Mr. Brinich stated that he was working on the night of the subject incident and that Mr. Elledge and Ms. O'Donnell were waiting for a pizza in front of the convenience store attached to the Boot prior to the altercation. Further, Mr. Brinich attested that Mr. Elledge “was not working that night and was on a date with” Ms. O'Donnell. He stated that he “observed no one holding [Mr. Jones] during the altercation” and “observed no on-duty Boot employee involved in the altercation.” He declared that he broke up the altercation between Mr. Jones and Mr. Elledge and was wearing a Dough Bowl t-shirt at the time.
(6) Mr. Maiuri's September 3, 2015 Affidavit
CJN attached both the deposition and the affidavit of Mr. Maiuri as exhibits to its Motion for Summary Judgment. In his September 3, 2015 affidavit, Mr. Maiuri identified himself as the general manager of the Boot on the night of the altercation. He attested that as part of his general manager duties, he scheduled the work shifts of the employees and that Mr.
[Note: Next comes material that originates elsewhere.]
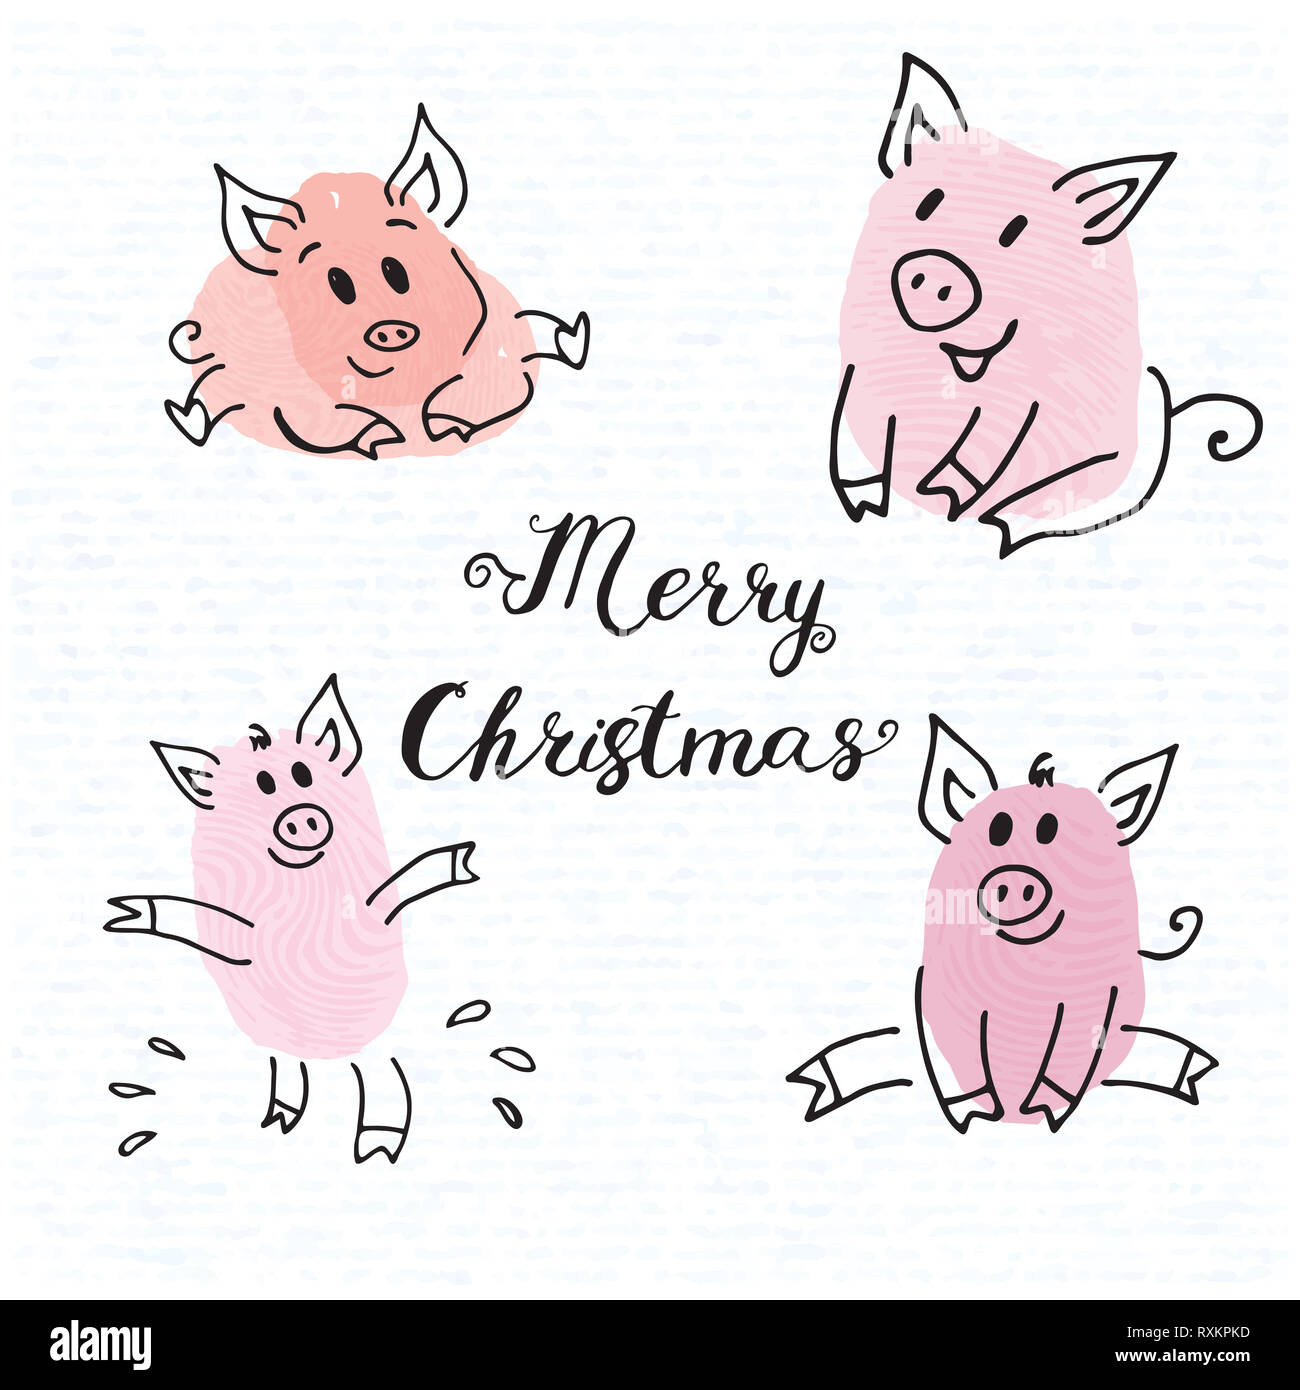 Disegni Di Natale Divertenti.Zodiaco Simbolo Del Nuovo Anno 2019 Piggy Pink Divertente Raccolta Di Impronte Digitali Disegni Di Suinetti Di Biglietti Di Auguri Di Natale Di 2019 Caratteri Foto Stock Alamy

Elledge did not work on the night of the subject altercation because he had not scheduled Mr. Elledge to work.
Mr. Maiuri stated that “[t]he Dough Bowl was not part of [t]he Boot.” He further explained that he found out about the fight from Mr. Brinich after it occurred. He declared that “[n]o on-duty Boot employee was involved in the incident as they would have reported any altercation to” him.
(7) Mr. Mauri's January 18, 2017 Deposition
Likewise, in his deposition, Mr. Maiuri testified that while he was the general manager of the Boot and its attached convenience store, he had no authority over the Dough Bowl. He stated that the Dough Bowl had a table outside its walk-up window with benches.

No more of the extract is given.